INSTRUCTIONS TO FOLLOW - Print the whole listing again exactly, keeping no pictures in it.

COLLECTED DATA -
=== Begin Enclosure ===

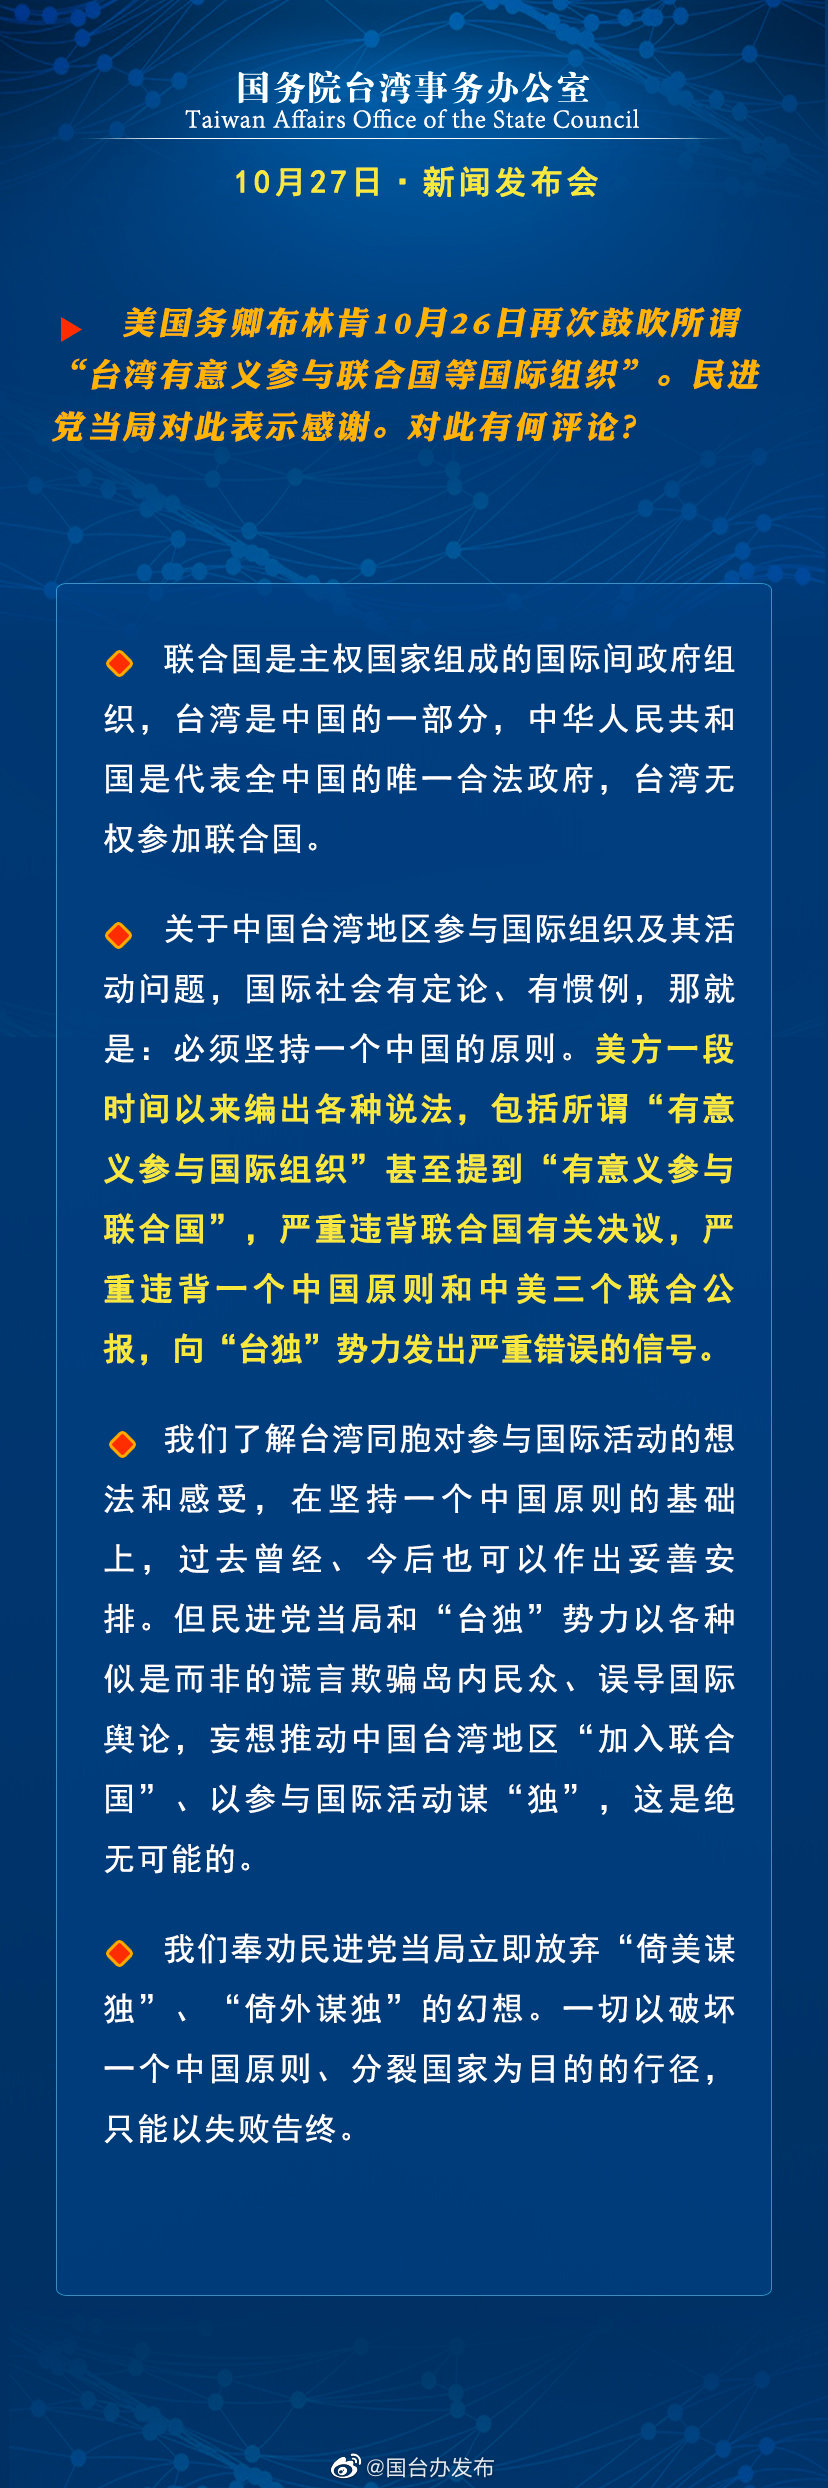 国务院台湾事务办公室10月27日·新闻发布会
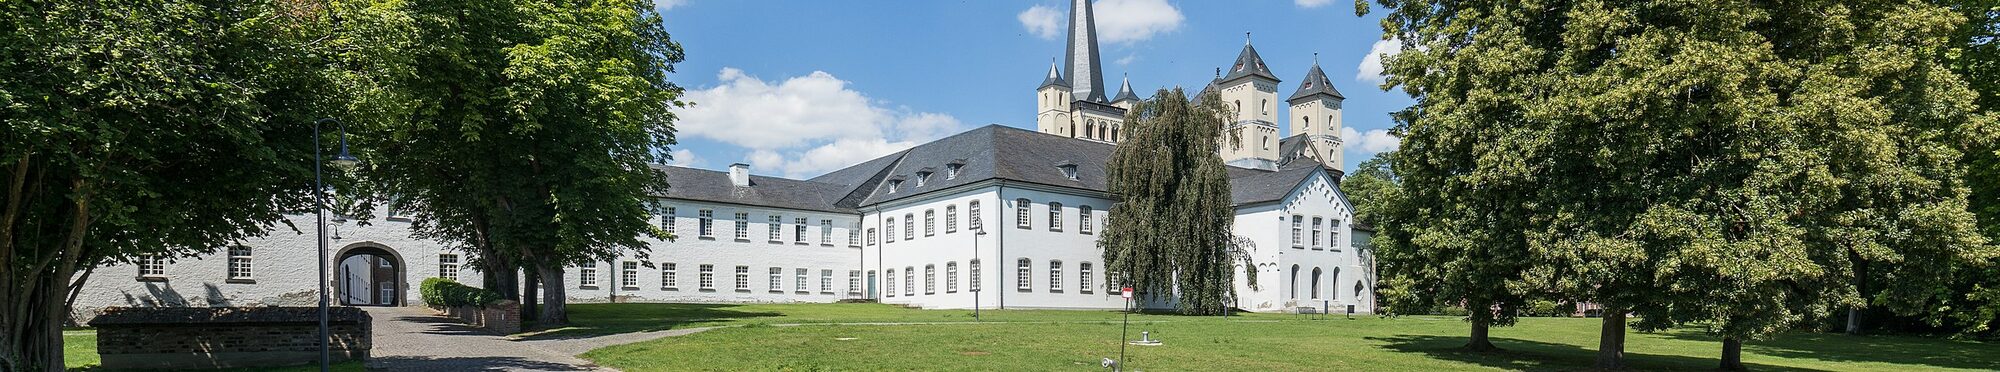 Abtei Brauweiler, Abteipark
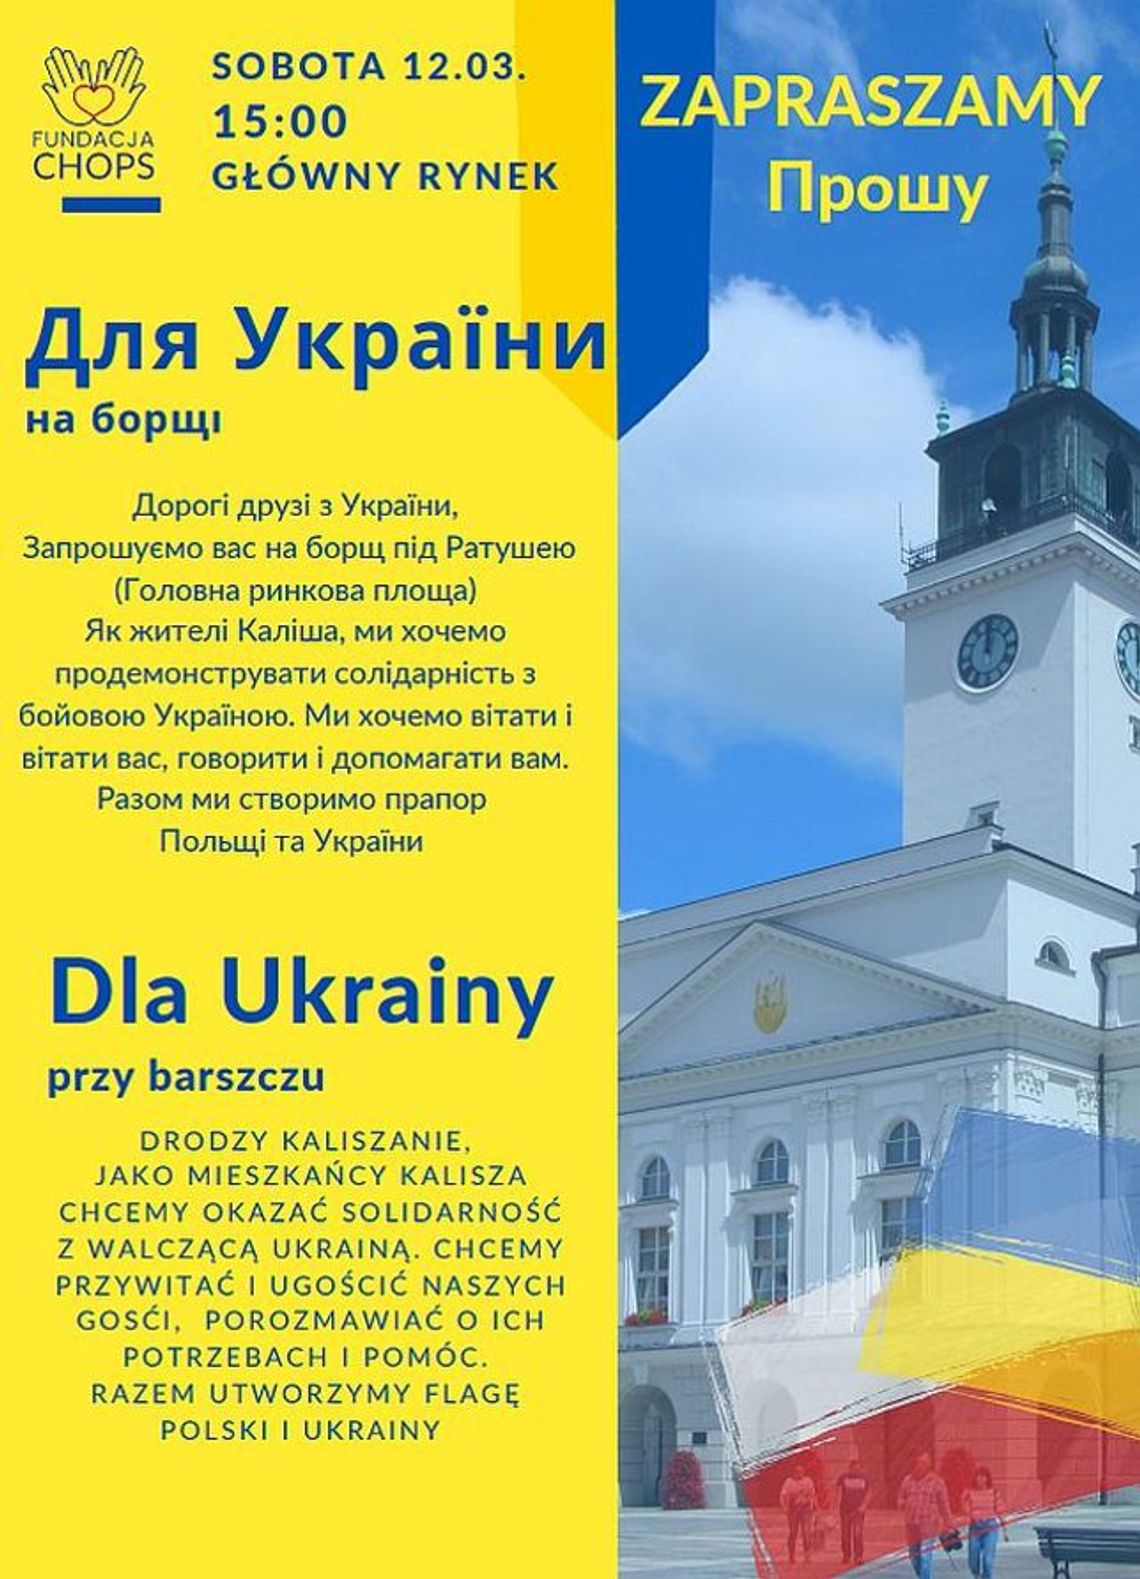 ,,Dla Ukrainy przy barszczu’’ – integracyjne spotkanie na Głównym Rynku
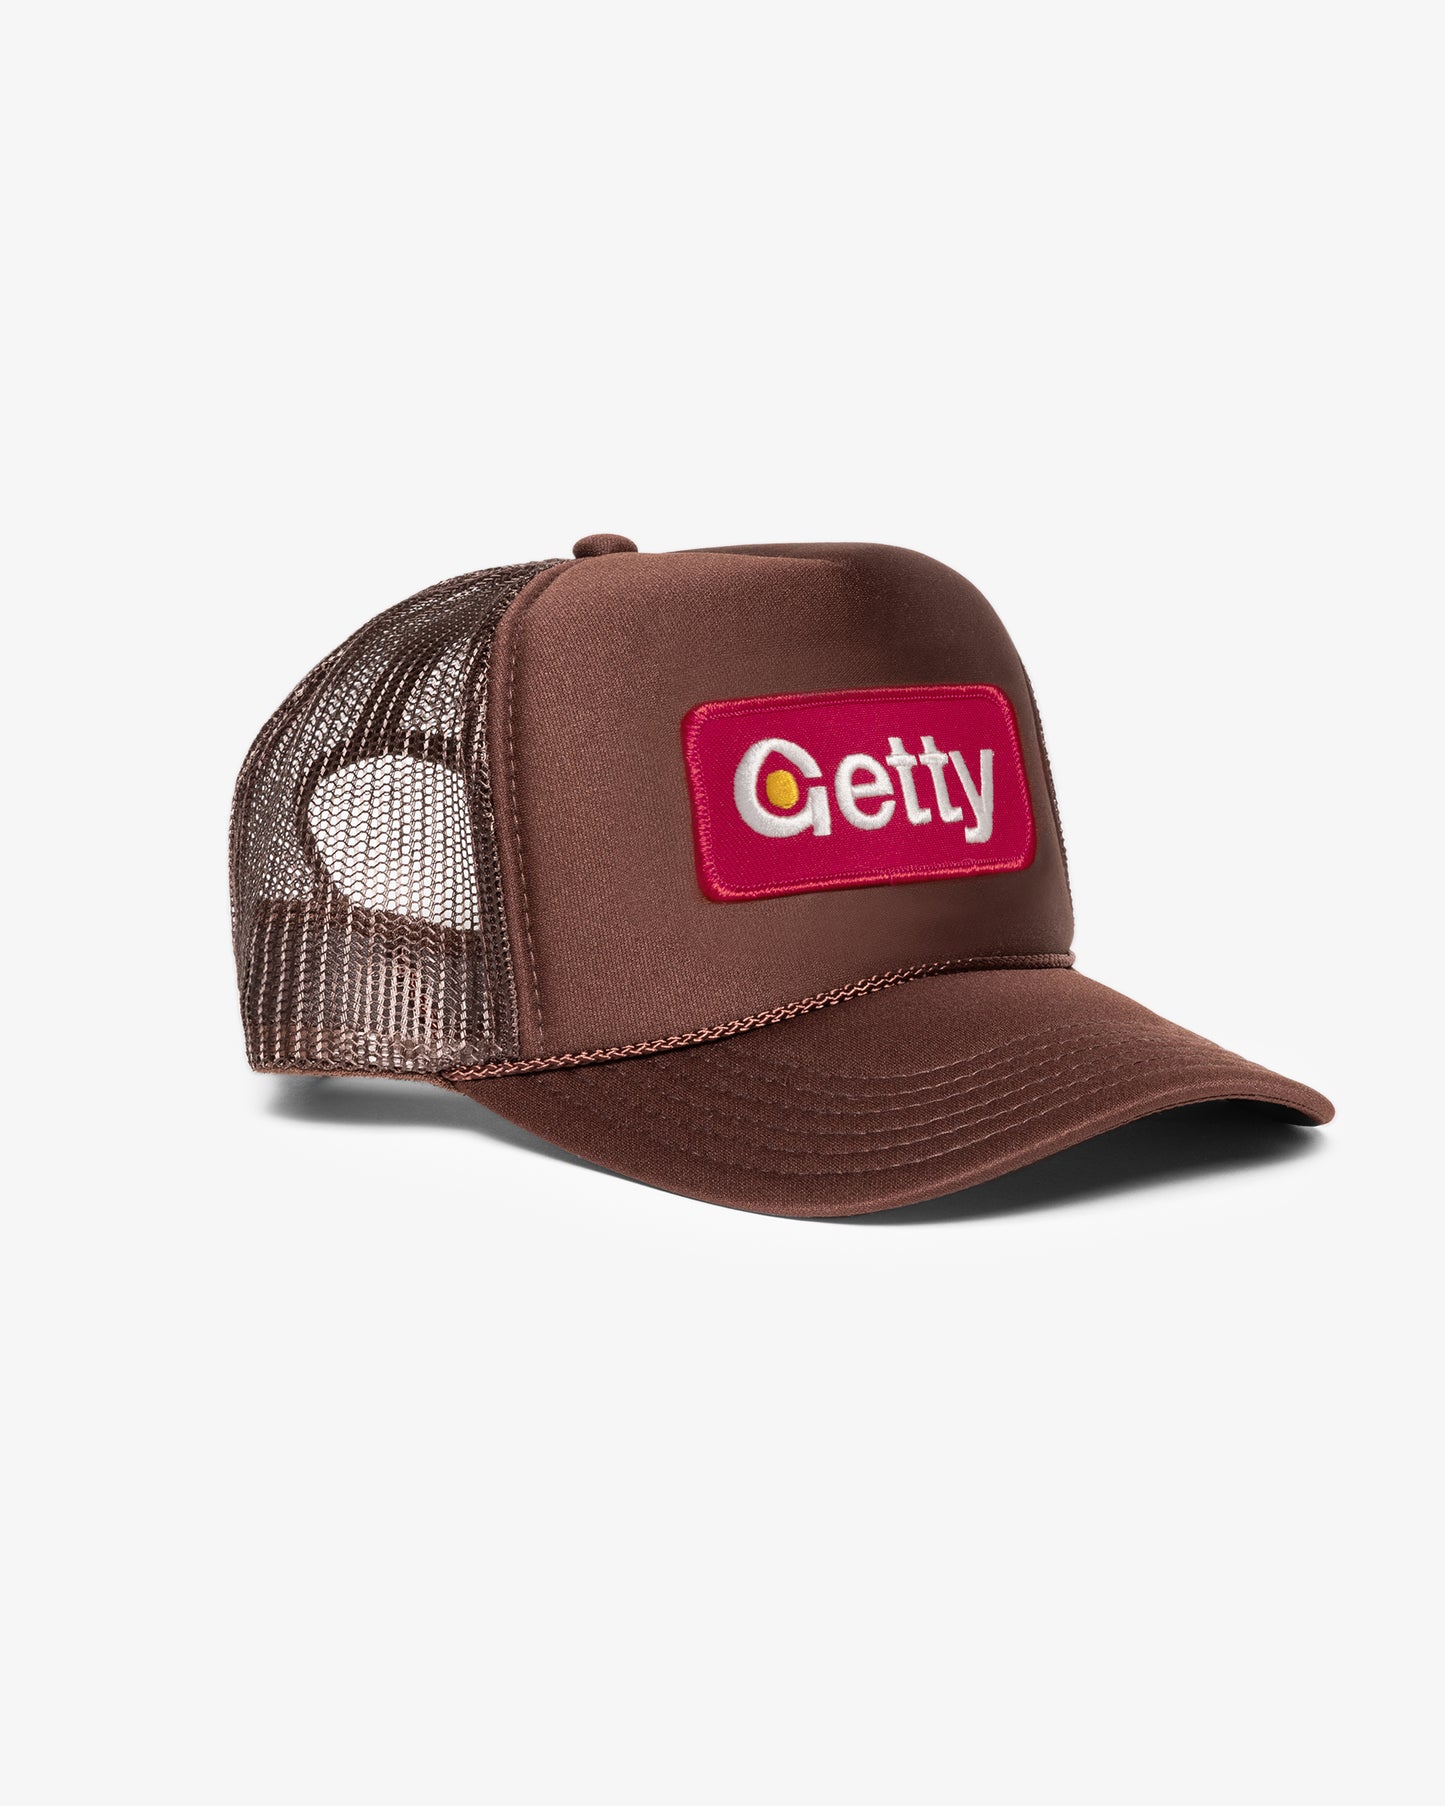 Getty Trucker Hat

=== End Enclosure ===

OUTPUT OF THE EXERCISE -
 国务院台湾事务办公室10月27日·新闻发布会
 Abtei Brauweiler, Abteipark
 ,,Dla Ukrainy przy barszczu’’ – integracyjne spotkanie na Głównym Rynku
 Getty Trucker Hat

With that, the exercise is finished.